All in, “Short n’ Sweet” is an impressive next step in Carpenter’s discography. A star-studded roster of producers, including Swift collaborator Jack Antonoff, makes it feel less like an album and more like a world, richly lived-in and considered.
The sticking point for me, however, is Carpenter’s habit of underwriting — half the tracks on “Short n’ Sweet” clock in at under three minutes. She’s found success with short songs before — “Espresso” and “Nonsense” are both no-nonsense, two-and-a-half-minute bops — but I wish she’d let the better tracks linger for a few moments more. It seems as if she’s tried to sell short songs as a concept album of sorts, hence the title, but Carpenter’s a strong enough writer that it’s tough not to miss those few extra seconds of music.
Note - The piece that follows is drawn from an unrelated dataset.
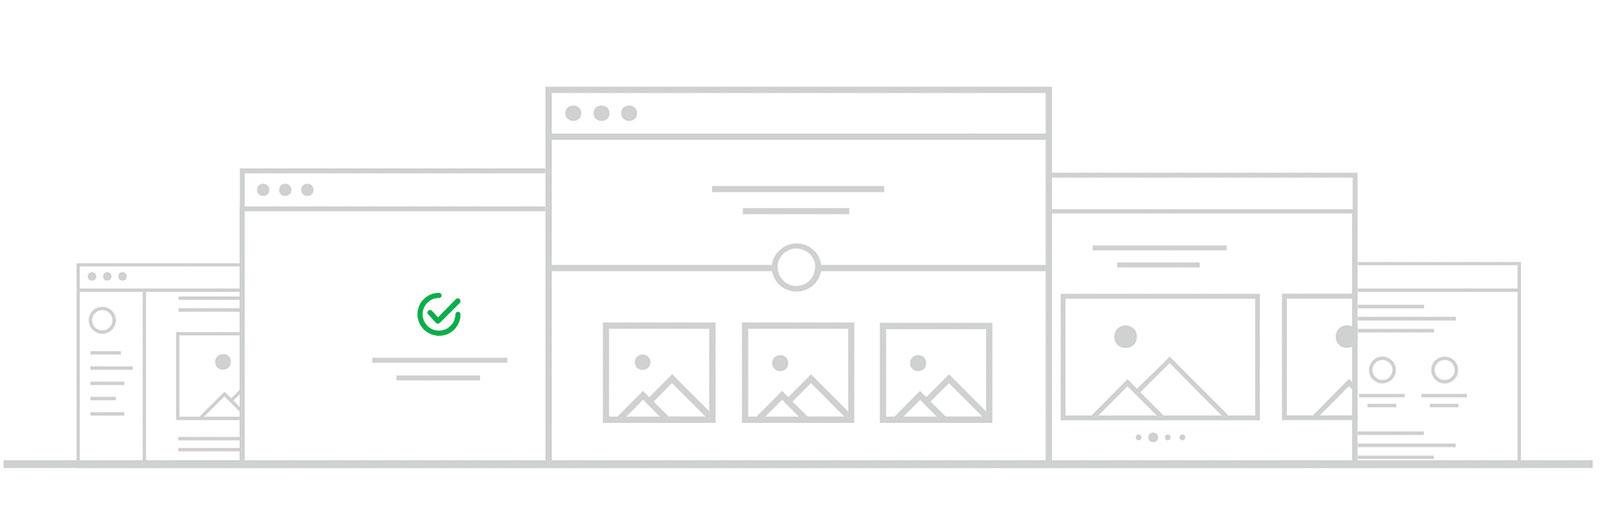 desktop windows illustration

That quibble aside, the album suggests a promising pop career still to come. “Short n’ Sweet” will tour well — it’s easy to imagine an army of young women, clad in hairbows, scream-singing “Sharpest Tool” at Scotiabank Arena when Carpenter comes to Toronto next month — and the album boasts deep cuts as strong as its inevitable singles, songs likely to grow with their listeners over the years. It’s time for Carpenter to trust the confident persona she’s built within the glittered walls of her music. She’s got the chops to take over the industry, if she chooses to use them to their fullest potential.